I don't know yet if this works, but I will test as soon as possible. Maybe if somebody else is in the mood to do so please report if it succeeded...

ossjunkie (ossjunkie) wrote :

i reworked the changes by tomcrus (thanks for the elegance ;) and removed all reintroduced bashism. so here is the current of the "core logic" to shutdown guests.

ossjunkie (ossjunkie) wrote :

i have also tested the hack to /etc/init.d/sendsigs

ossjunkie (ossjunkie) wrote :

but i am still hanging on the upstart integration when using pre-stop in libvirt-bin. while the condition regarding the runlevel by tomcrus works great, it seems we are not able to simply delay the shutdown process with a simple sleep. in my case i only managed to get the pre-stop killed or make the reboot hang forever. i also tried "exec sleep". there is also some stuff in /etc/init.d/sendsigs that might be of interest.

for anyone who like to do the puzzle just make the timeout work in pre-stop and we should have the solution by placing the core script into it.

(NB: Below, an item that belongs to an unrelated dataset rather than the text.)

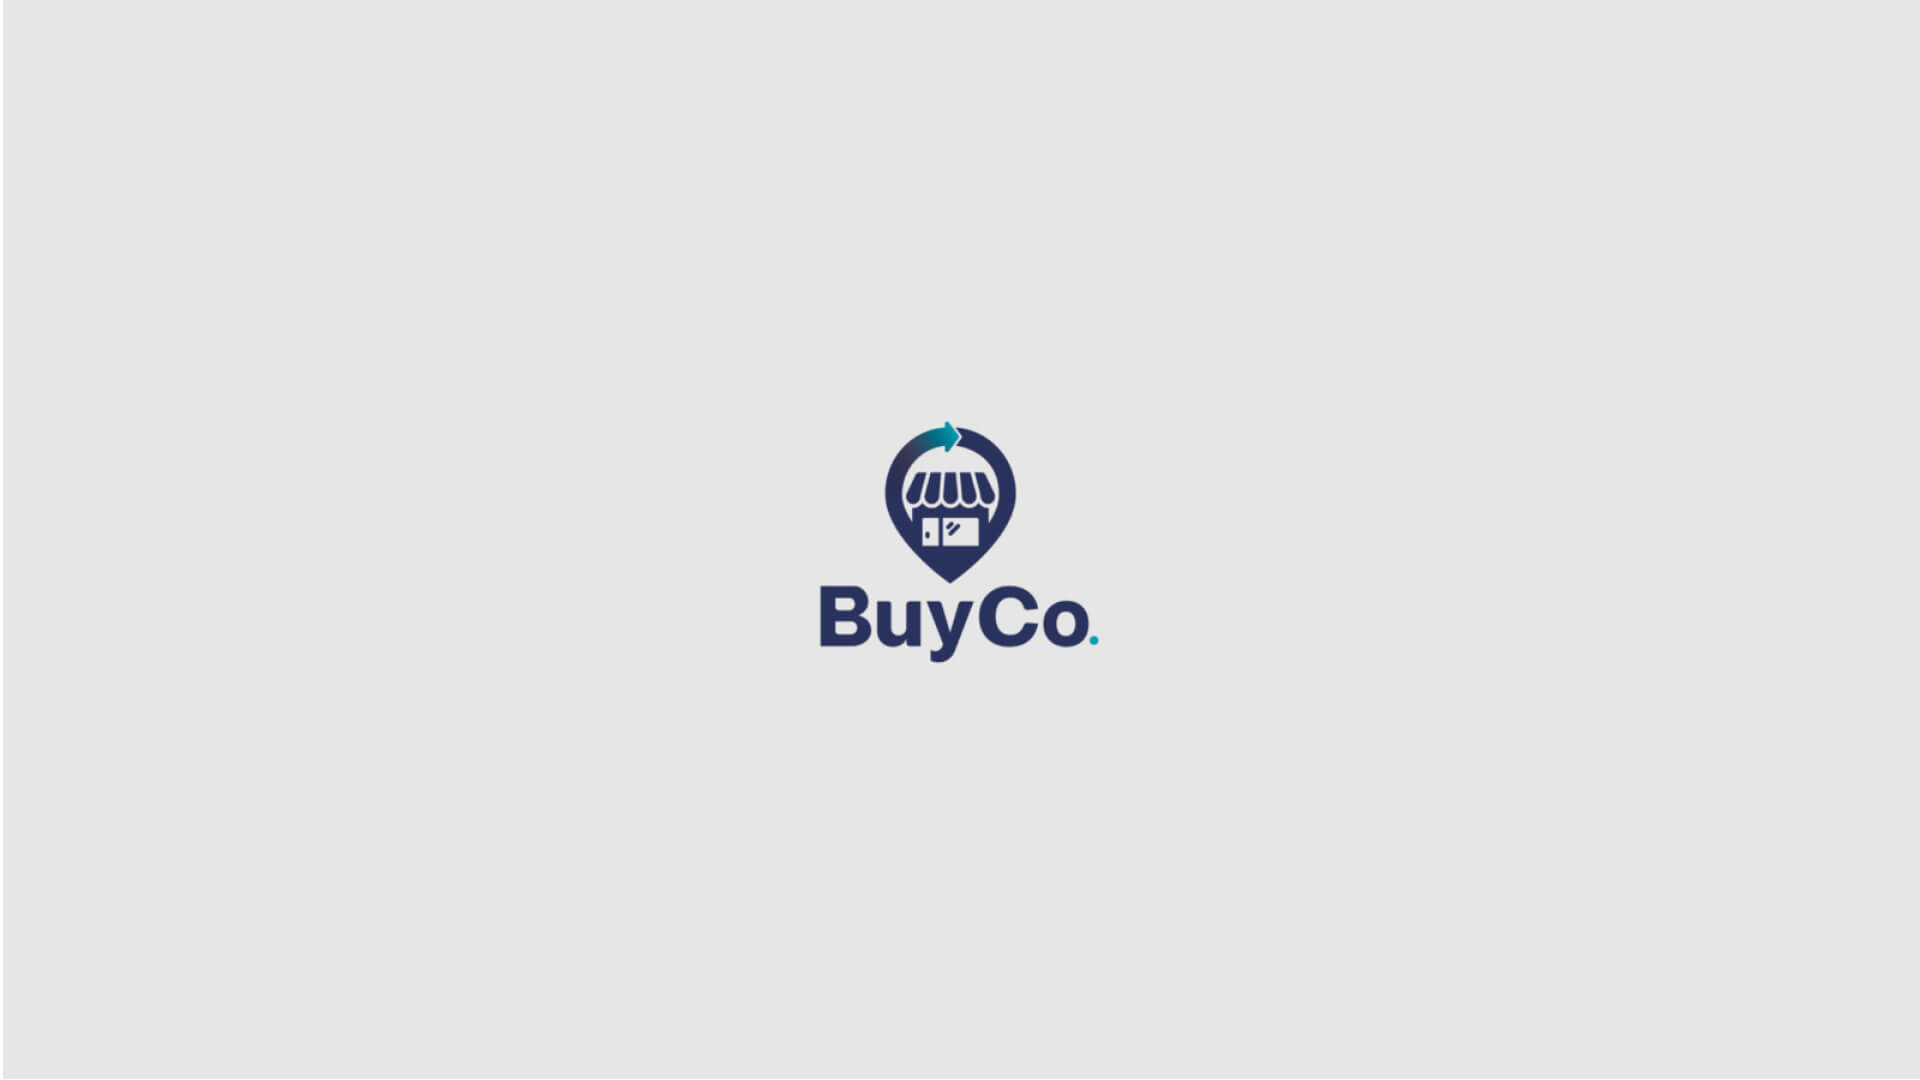 BuyCo. Ilustração de um mercado com a logo buyco logo abaixo.

Reinhard Tartler (siretart) wrote :

instead of destroying vms, wouldn't be a more elegant solution to "save"
the state of the VM in a statefile?

On bootup, upstart would check for such statefiles and restore the
VMs. This would work even for VMs that don't react to ACPI events
properly and saves the VM's uptimes.

ossjunkie (ossjunkie) wrote :

@Rheinhard: sure it would be, but this should be the next step, as we still have shutdown not working yet. so let's stay to the KISS principle till we got the upstart integration.

ossjunkie (ossjunkie) wrote :

as i really needed a solution i did a dirty workaround for servers:

move /sbin/shutdown to /sbin/shutdown.real
place the attached script to /sbin/shutdown and make it executable

you can do the same for /sbin/reboot to have it run even on "reboot, halt, poweroff --force". you only need to change REALCMD to /sbin/reboot.real

this way we could at least just run "reboot" and "shutdown" again without worring about the guests.

Sergey Svishchev (svs) wrote :

This is implemented in libvirt 0.8.2:

https://bugzilla.redhat.com/show_bug.cgi?id=444273

Valentijn Sessink (valentijn) wrote :

I'm still not sure, but doesn't the /etc/init.d/sendsigs script, combined with the Ubuntu 10.04 /etc/init/rc.conf, make up for a giant race condition? Where a shell script tries to find out which processes it should not kill? This is, at least, what I'm making of it, when running libvirt on a server that has no other services running (i.e. the sendsigs script is run almost right away).

Francesco Pretto (ceztko) wrote :

I have seen the commit that implements this functionality and it's, as
usual, a sysvinit script. Unfortunately, I think this is a use case
where upstart can't do anything yet and the only solution (without
moving back to a sysvinit script) is doing an ugly workaround in
/etc/init.d/sendsigs. I've tried to subscribe Scott James Remnant
(maintainer of upstart: thanks!): this is not a bug in upstart (maybe
a feature lack) but I hope he have something to share with us about
this problem.

2010/8/6 Sergey Svishchev <email address hidden>:
> This is implemented in libvirt 0.8.2:
>
> https://bugzilla.redhat.com/show_bug.cgi?id=444273
>
> ** Bug watch added: Red Hat Bugzilla #444273
>   https://bugzilla.redhat.com/show_bug.cgi?id=444273
>
>

Valentijn Sessink (valentijn) wrote :

~$ dpkg -S /etc/init/rc.conf
upstart: /etc/init/rc.conf

While rc.conf has nothing to do with shutting down virtual machines, it does have the consequence of running the sendsigs script in parallel with the upstart scripting. I'm not sure that is the right way to proceed.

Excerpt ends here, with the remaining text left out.